The ingested by all cells including the cell walls  The circular area is level with the four floods Splits. This equal division is thermodynamically green more than an equal division.

From Fig. 2 it can be seen that the edges of the channels 19 and 21 and the pockets 20 extending transversely to the circumferential direction of the rotor are rectilinear and radial. If the cells walls 15 , 16 of the rotor 2 , as is the case in the embodiment of the rotor shown in FIG. 3, are also radial and straight, this has the consequence that the cell channels face all the floods of the rotor abruptly open the fixed ducts in the air and gas housing and the free duct cross-section then increases sharply. The sudden inflow of gas or air caused by this sudden increase in cross-section can lead to subjectively more unpleasant noises, since the pressure profile creates higher-frequency components, the elimination or at least mitigation of which is sought.
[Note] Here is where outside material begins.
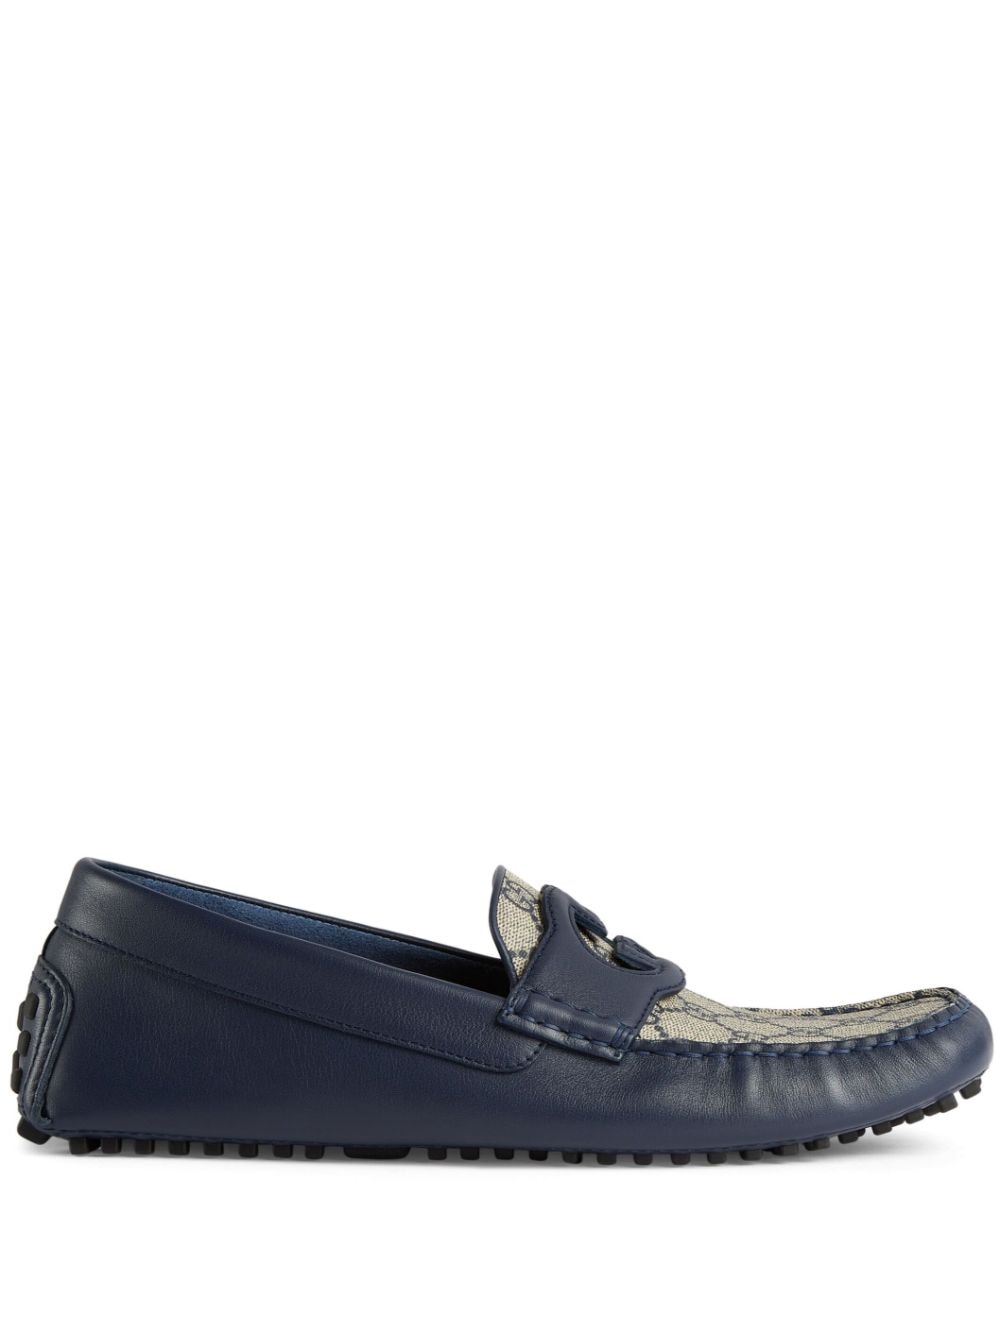 Gucci Interlocking G Driver Loafers In Blue | ModeSens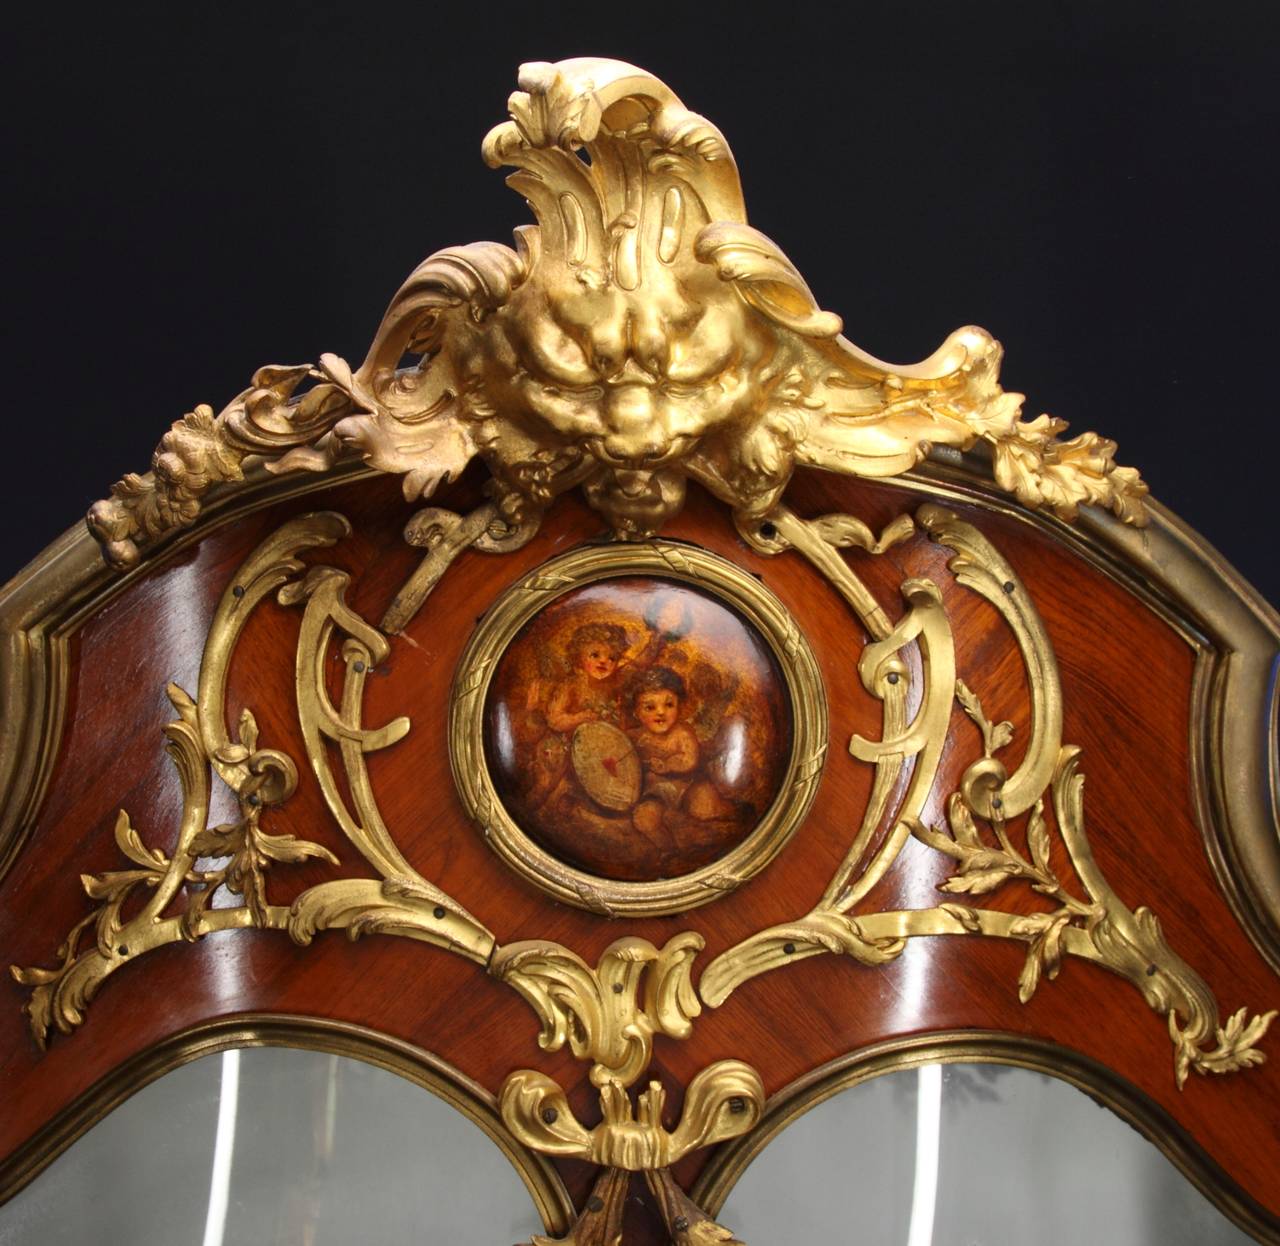 A Very Fine French 19th Century Ormolu-Mounted Louis XV Style Double-Door Vitrine attributed to Francois Linke. The front bombe Vernis Martin panel decorated with a painted scene with two female busts on either side, both doors with marquetry inlay

As experiments have shown, this can be done from this source Reduce resulting noise in that the transverse to the circumferential direction bounding edges of the inputs and Outlet channels for air and gas are not radial, but not in shown way in the direction of a secant or in the form of egg ner extending substantially in the radial direction Wavy line to be executed.

Claims (5)

1.Multi-flow gas dynamic pressure wave machine, with a rotor, a housing enclosing the rotor and an air housing and a gas housing with channels for the supply and discharge of the gaseous working medium, the cell ring of the rotor being arranged in concentric floods by a plurality of intermediate pipes arranged between a hub pipe and a cover band is divided, characterized in that three intermediate tubes divide the cell ring into four floods. 2. Multi-flow gas dynamic pressure wave machine after Claim 1, characterized in that the two outer Floods and the two inner floods each have the same cells have number. 3. Multi-flow gas dynamic pressure wave machine after Claim 2, characterized in that the two outer Floods 40 cells each and the two inner floods each two have 32 and 34 cells. 4. Multi-flow gas dynamic pressure wave machine after Claim 1, characterized in that the four floods are of equal height in the radial direction. 5. Multi-flow gas dynamic pressure wave machine after Claim 2, characterized in that the at least approximately radially directed cell walls of the two outer Floods and the cell walls of the two inner floods by each half a cell division are offset from each other.